● **EXERCISE**:
Output the listing verbatim, leaving out every picture.

● **GIVEN RECORDS**:
___
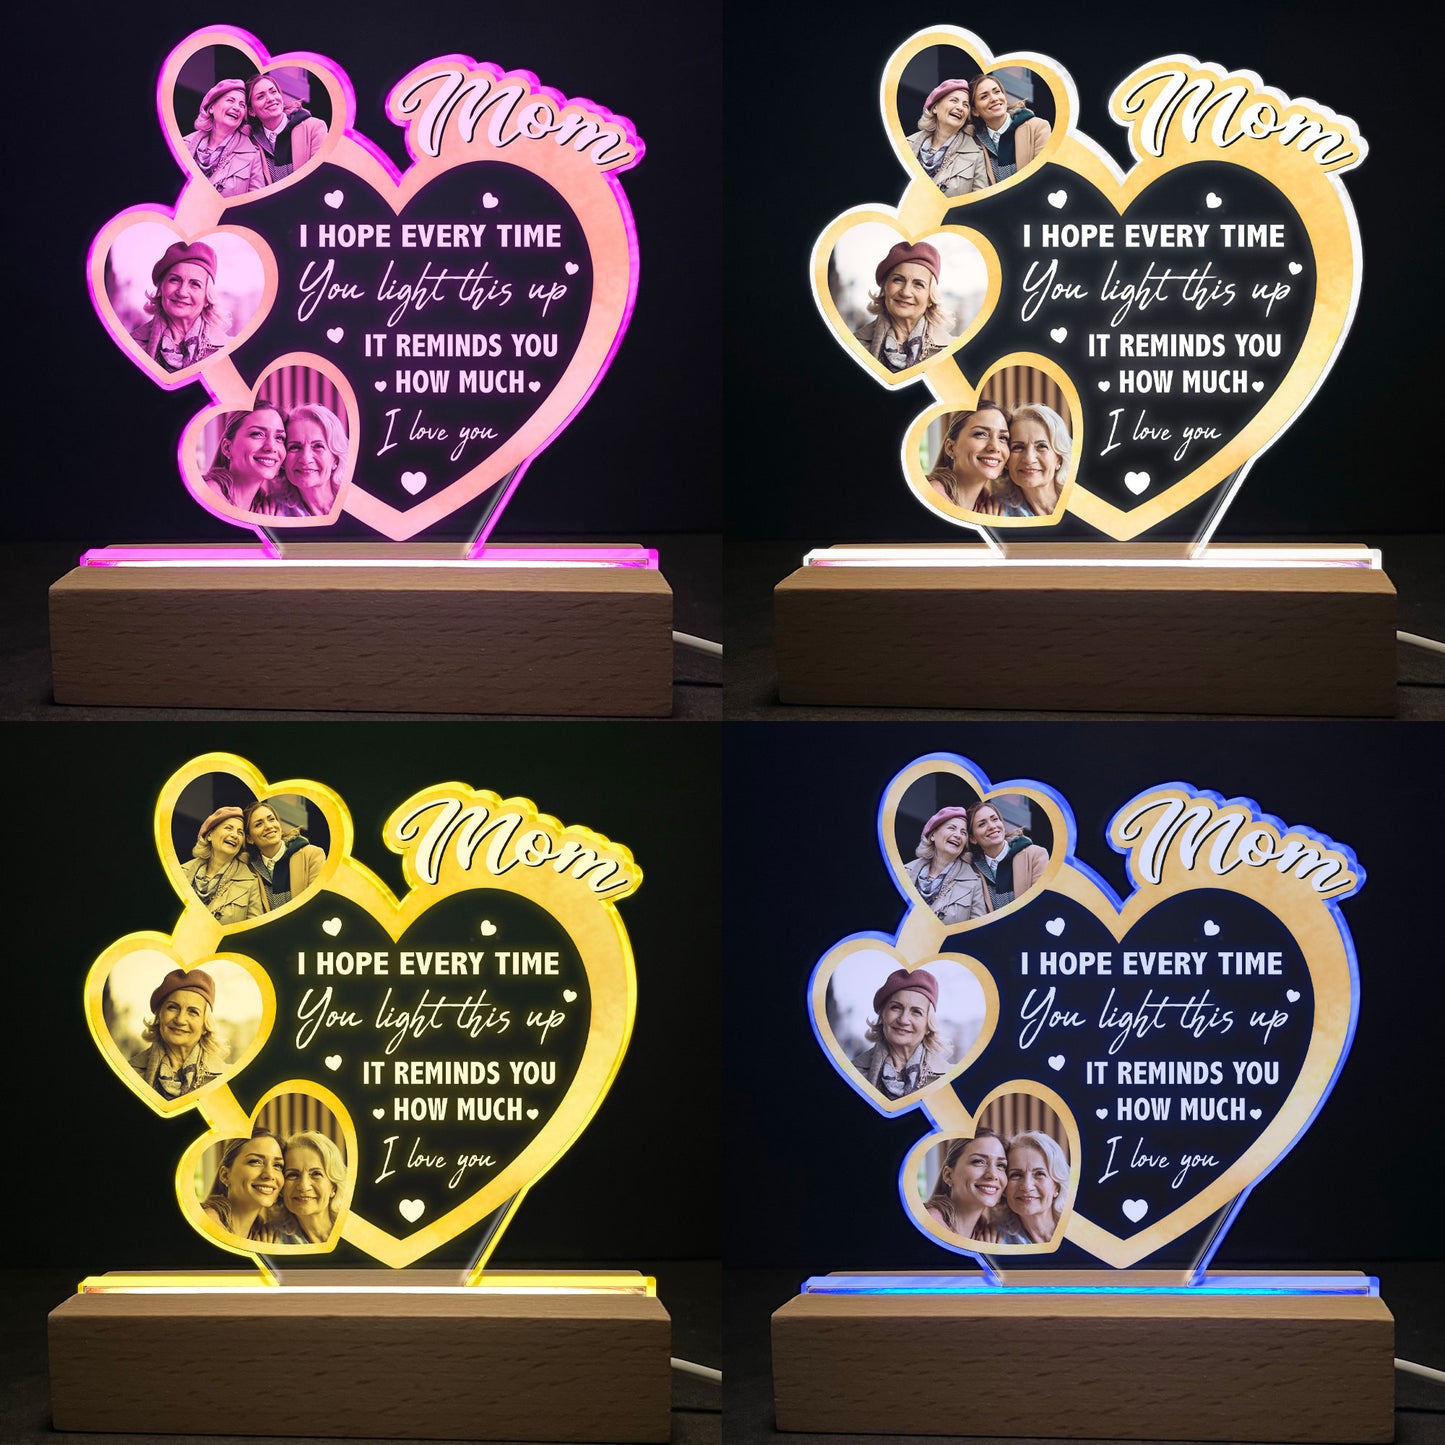 We Hope Every Time You Light This Up - Personalized Photo LED Light
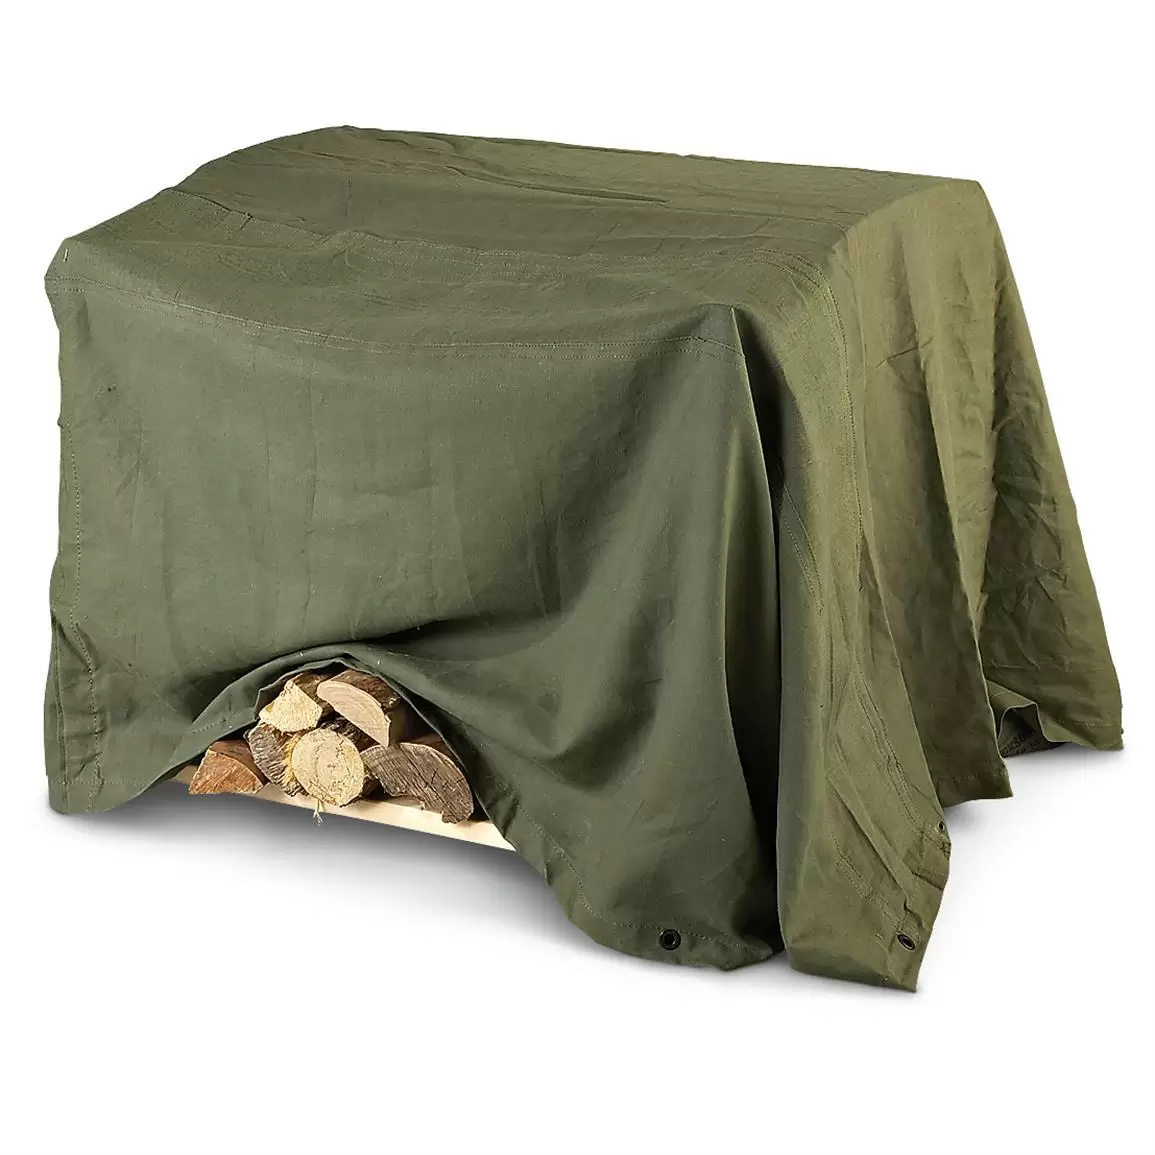 Fire Resistant Canvas Tarps and Covers
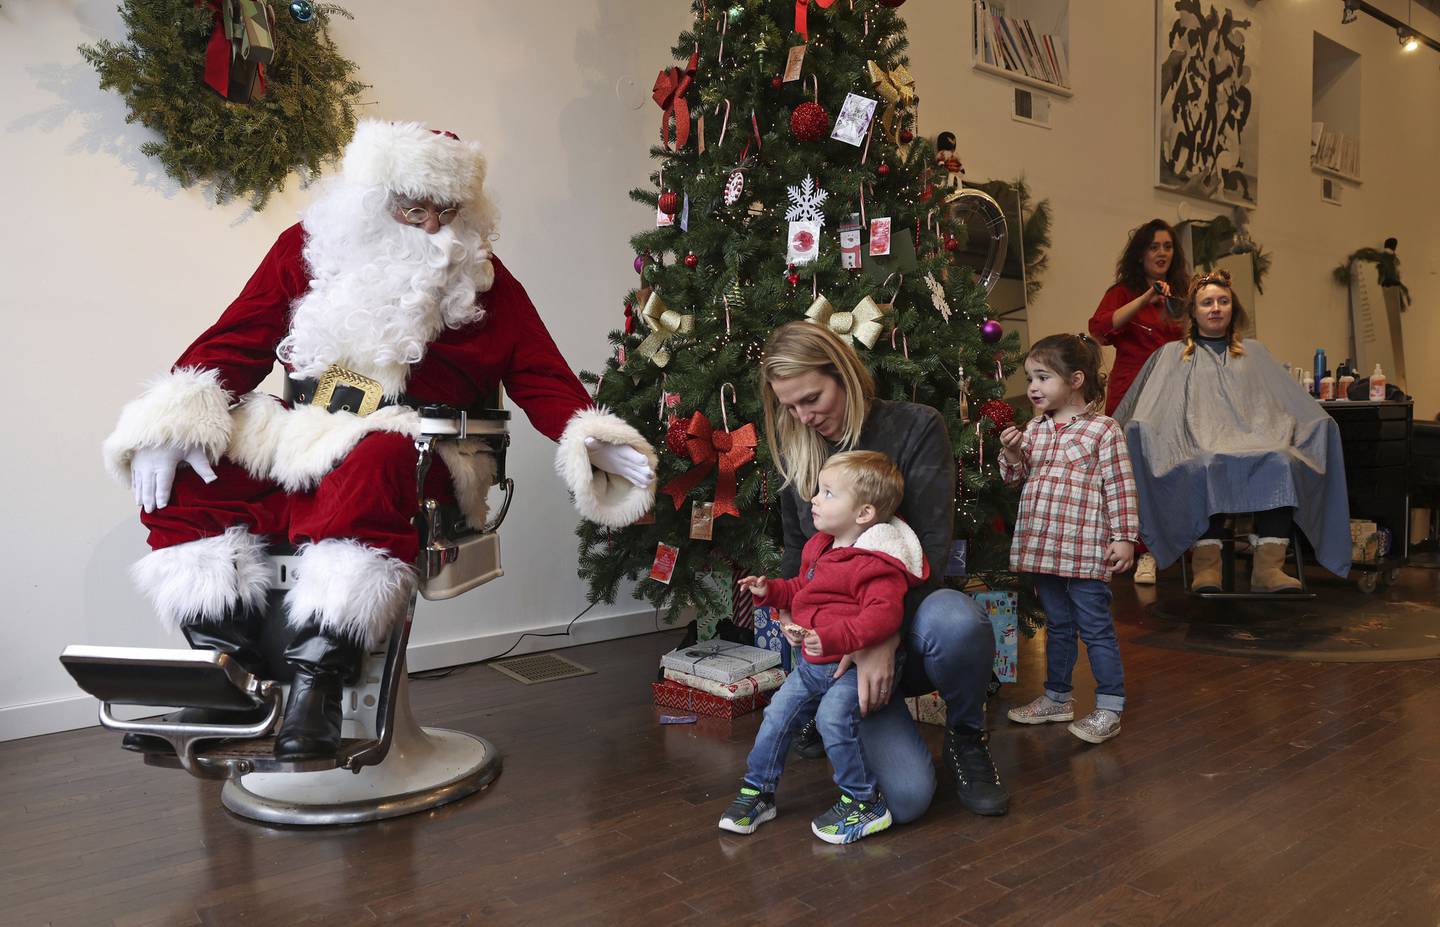 Ronnie Trejo, portraying Santa Claus, sits in a barber's chair as Kristie Stewart encourages her son, Graeme, 1, to take pictures with him at YO:U hair salon on Dec. 10, 2022, in Chicago. Trejo said he has played Santa for more than 20 years, in more recent years at the salon, which is owned by his daughter, Yolanda Trejo, second from right. 
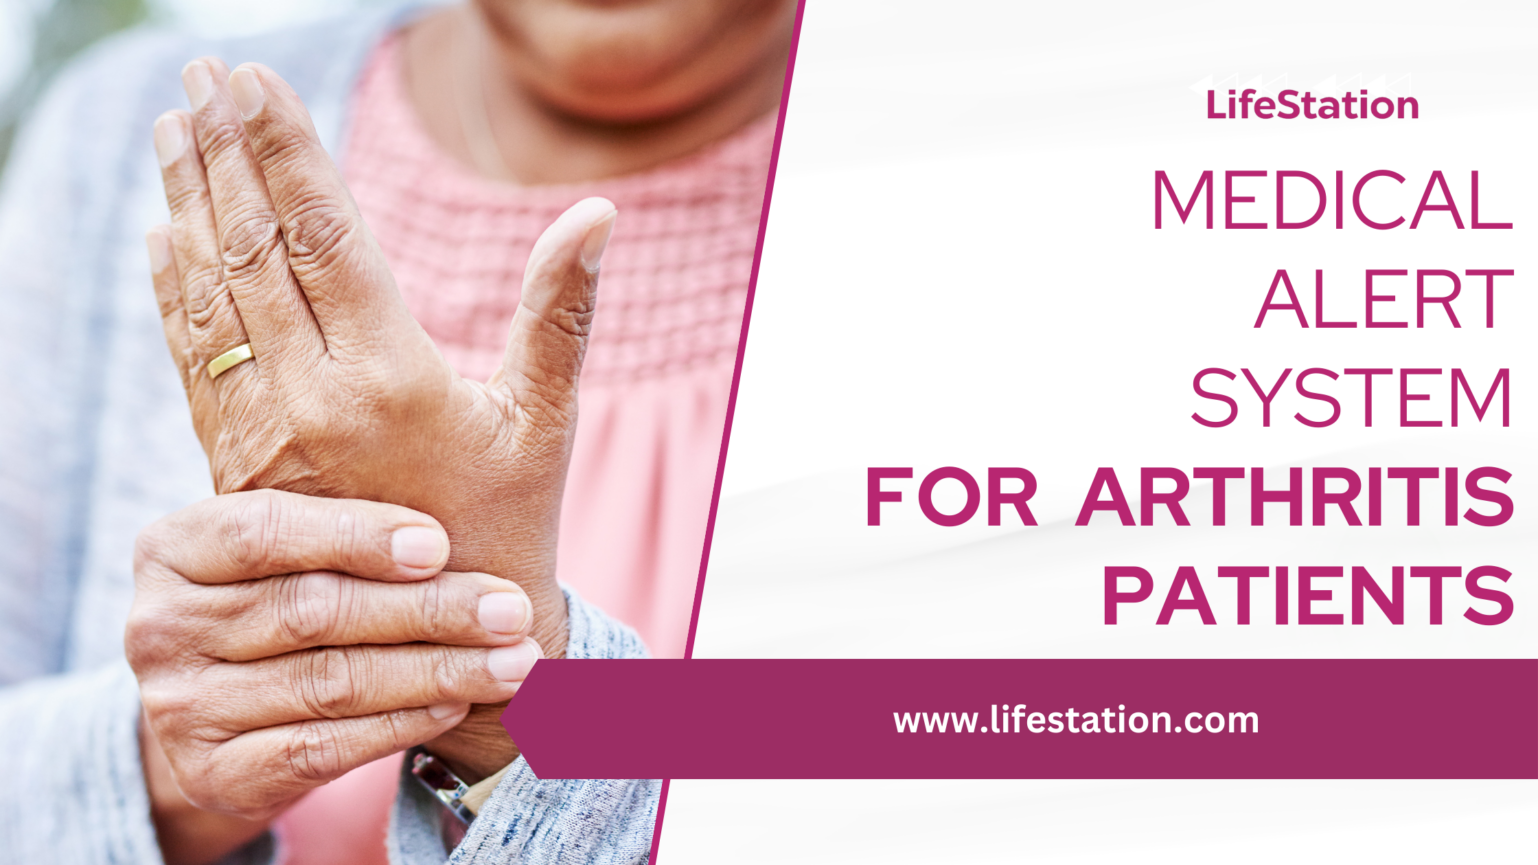 Secure your peace of mind with LifeStation's alert system for arthritis patients - help is just a click away.
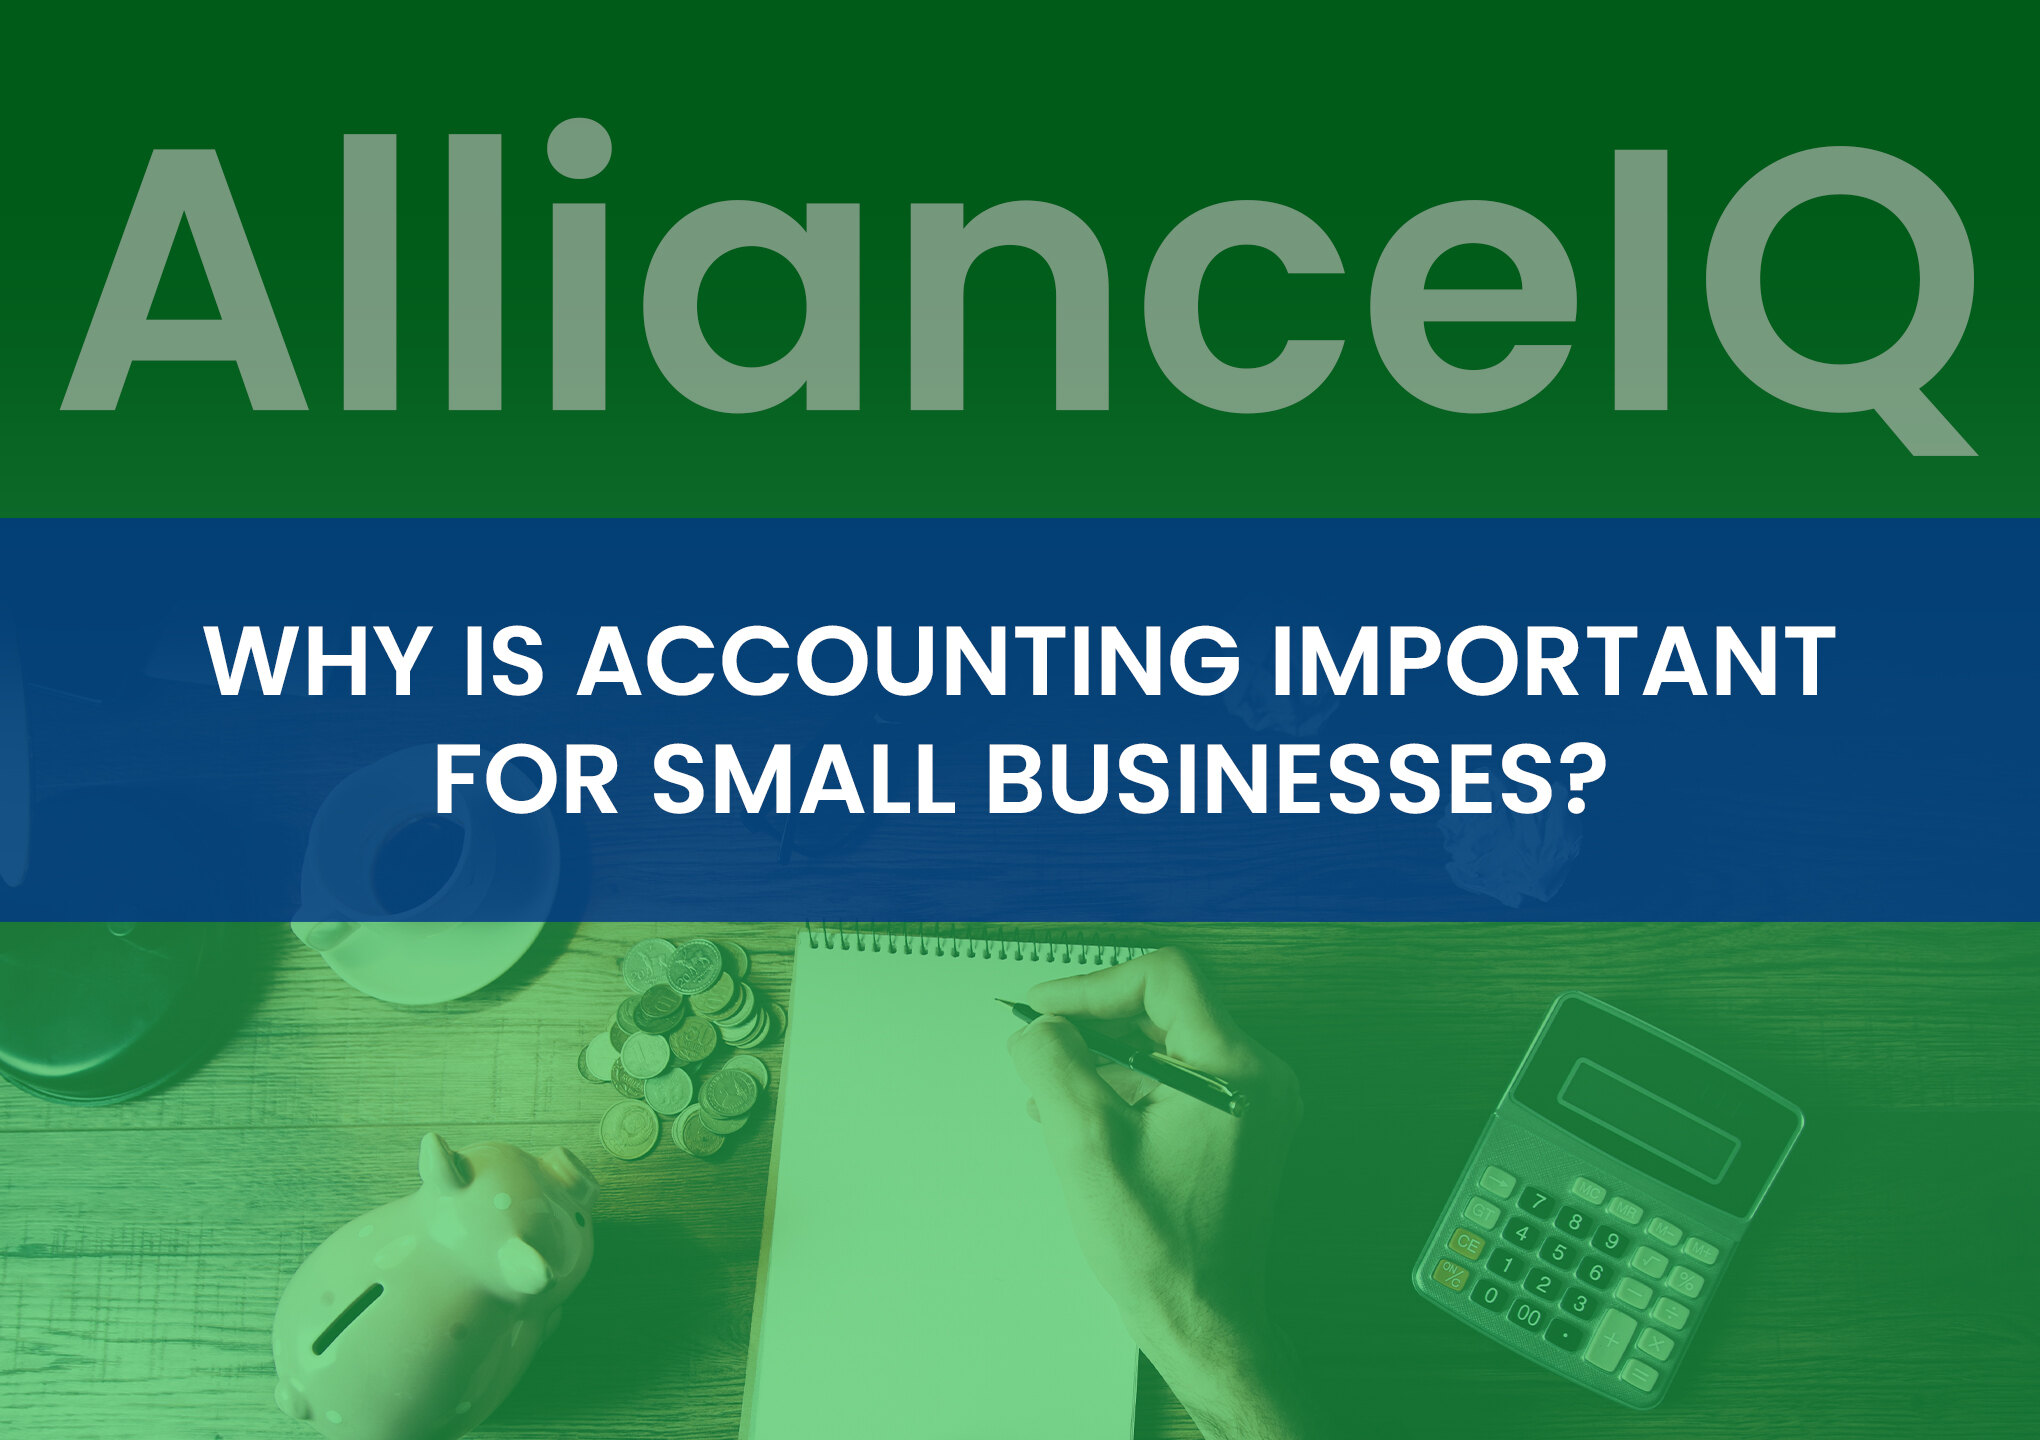 Why Is Accounting Important for Small Businesses
___
● **TASK SOLUTION**:
 We Hope Every Time You Light This Up - Personalized Photo LED Light
 Fire Resistant Canvas Tarps and Covers
 Ronnie Trejo, portraying Santa Claus, sits in a barber's chair as Kristie Stewart encourages her son, Graeme, 1, to take pictures with him at YO:U hair salon on Dec. 10, 2022, in Chicago. Trejo said he has played Santa for more than 20 years, in more recent years at the salon, which is owned by his daughter, Yolanda Trejo, second from right. 
 Secure your peace of mind with LifeStation's alert system for arthritis patients - help is just a click away.
 Why Is Accounting Important for Small Businesses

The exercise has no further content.